Questions like these should be the norm in the coming months. “It’s not enough to do one story on one candidate’s position on climate change and be done with it,” Covering Climate Now’s cofounders Mark Hertsgaard and Kyle Pope argued recently in The Nation and Columbia Journalism Review. “The word ‘climate’ should be included in headlines and broadcast scripts often enough that the public can’t miss it.” Nor should climate change be siloed on the science beat. Political reporters and newsroom leaders must make it central to the campaign narrative, giving it equal prominence as electoral mainstays like the economy and national security. (Indeed, climate change cuts across and binds these issues; if we do not adapt, it will cripple economies and make us all less secure.)

The good news is that audiences care. Climate action is a leading issue for young voters, and an April poll by Yale and George Mason universities found that two-thirds of all registered voters are worried about global warming; four in 10 said candidates’ positions on climate change will be “very important” in how they vote this fall.

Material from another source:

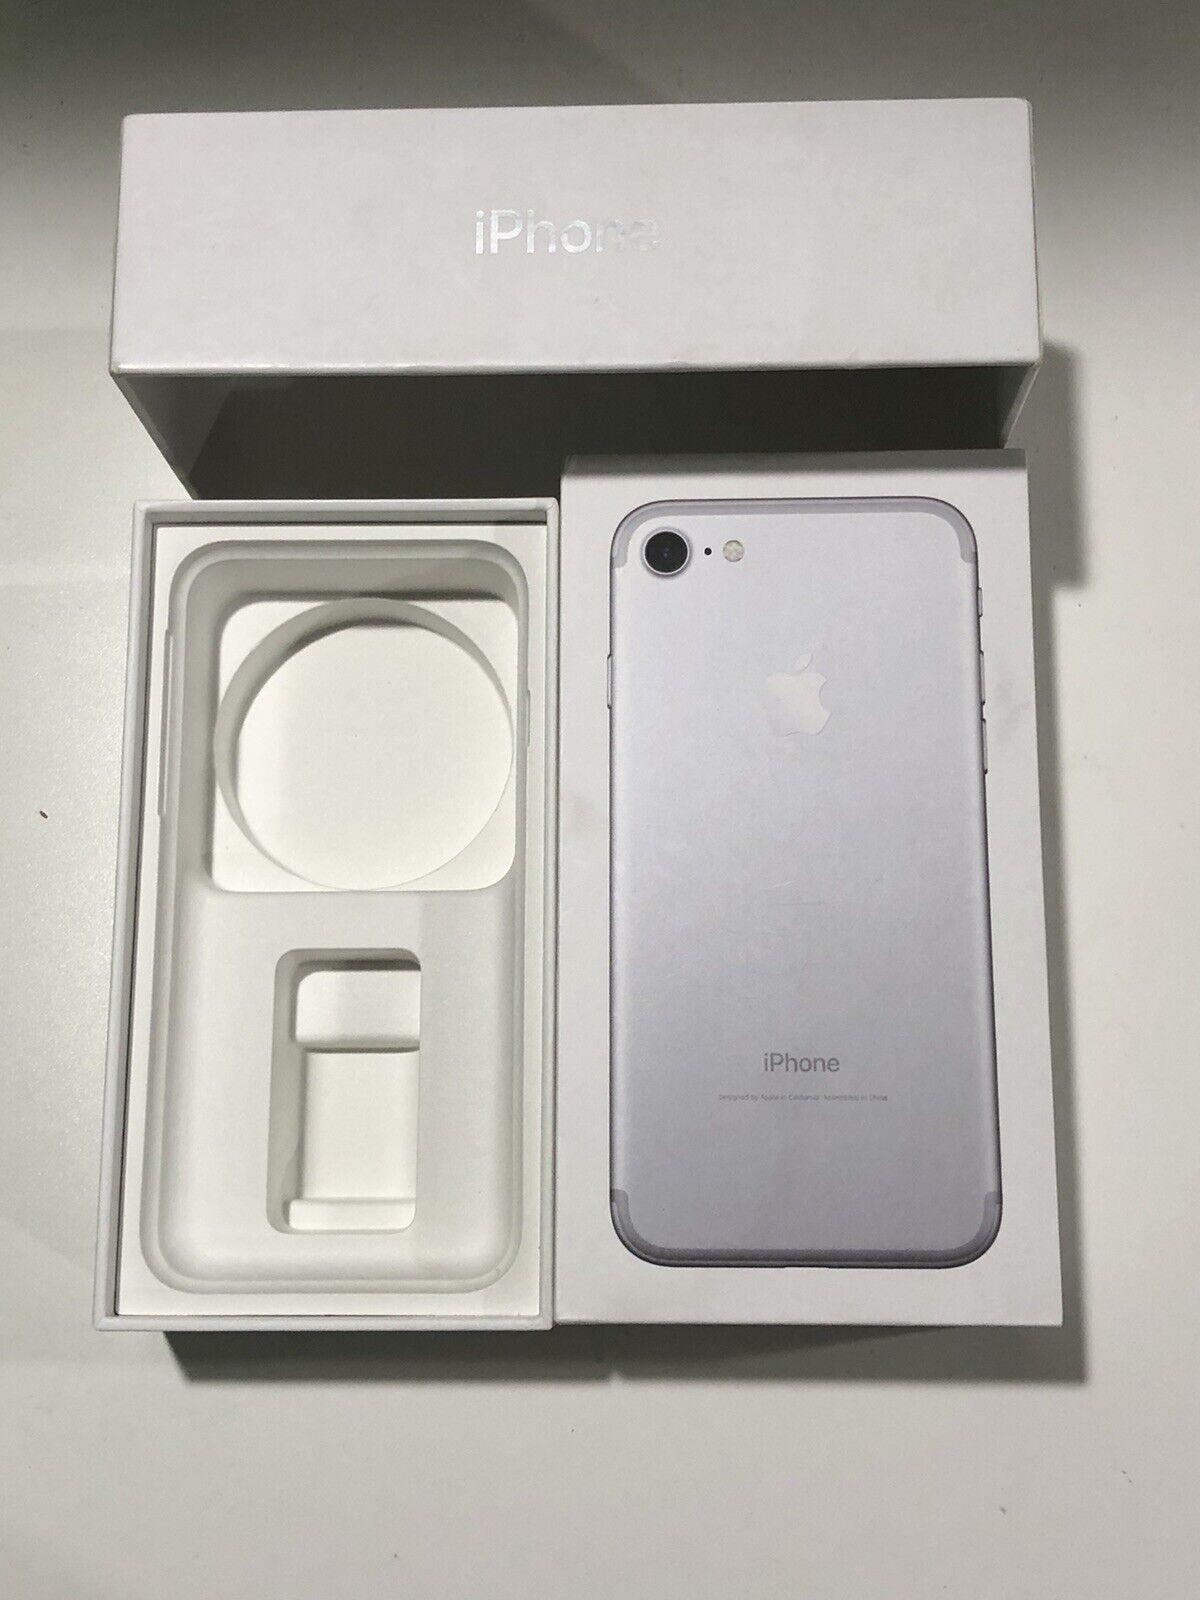 Lot of 2 iPhone 7 Boxes ONLY, Silver Color Apple
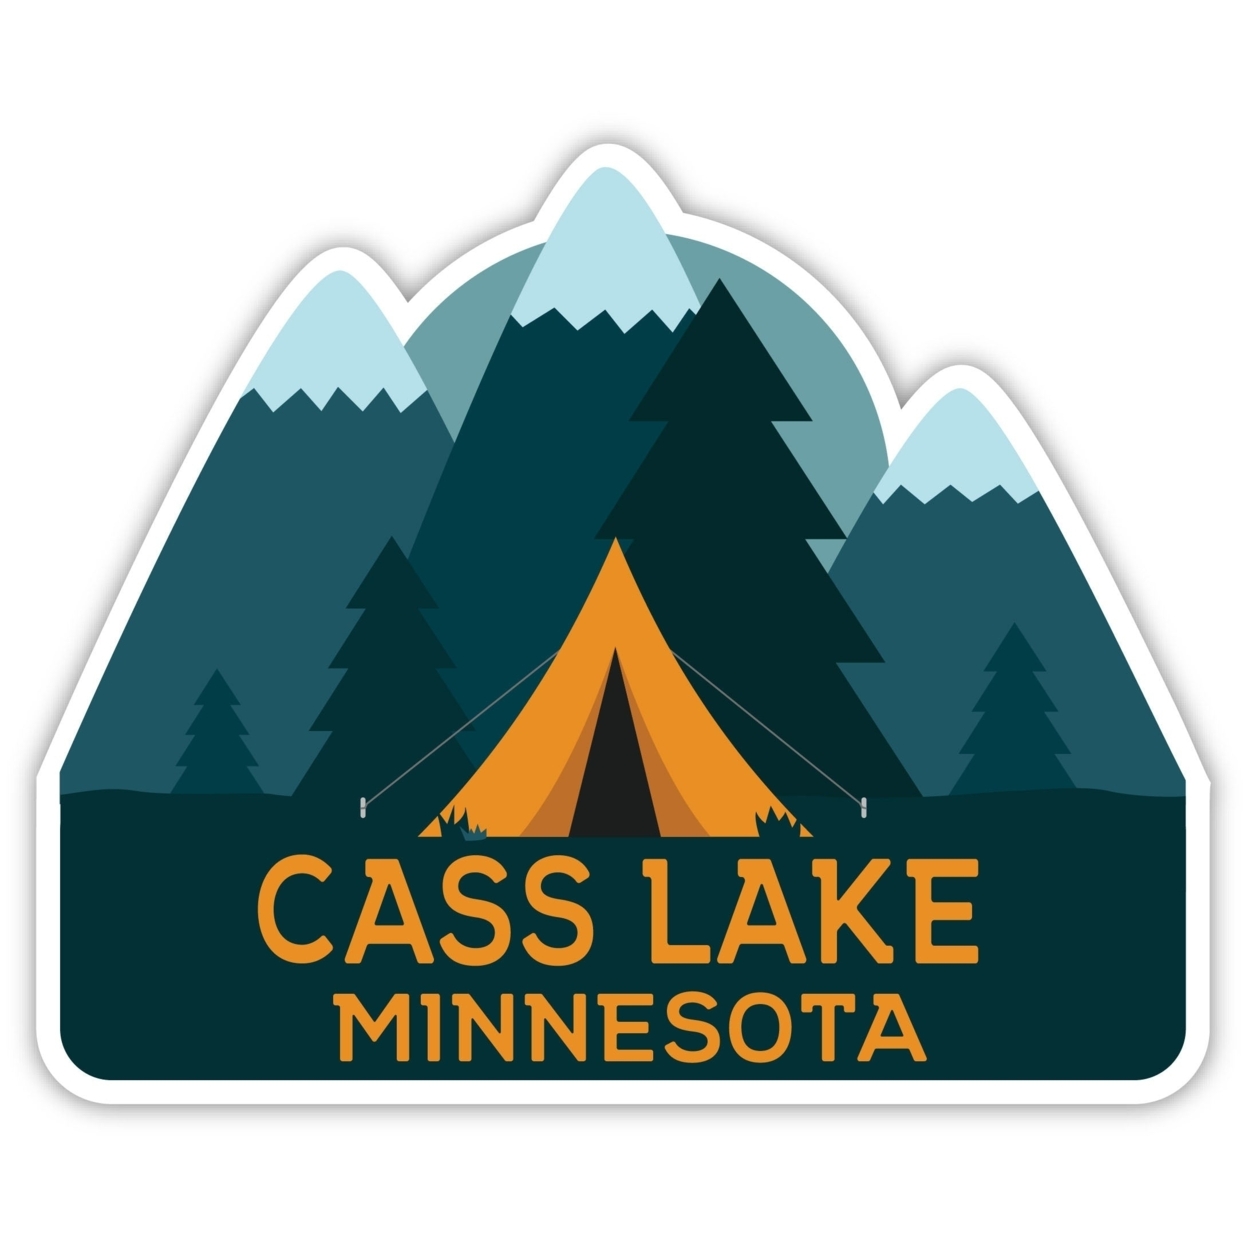 Cass Lake Minnesota Souvenir Decorative Stickers (Choose Theme And Size) - 4-Pack, 8-Inch, Tent

Still, doing justice to the climate story will take leadership and discipline from newsrooms. Reporters and editors must step back from ephemeral shifts in the polls and all the nitnoid controversies of campaign overload. Decades from now, most of us will have forgotten the names and deeds of Donald Trump’s various associates. But we will surely take note of unlivable heat and floodwaters lapping at our feet if we ignore the climate crisis this campaign season. Will journalists count the 2020 election a missed opportunity, or will it be the breakthrough moment when they got the climate story right—and helped America do the same?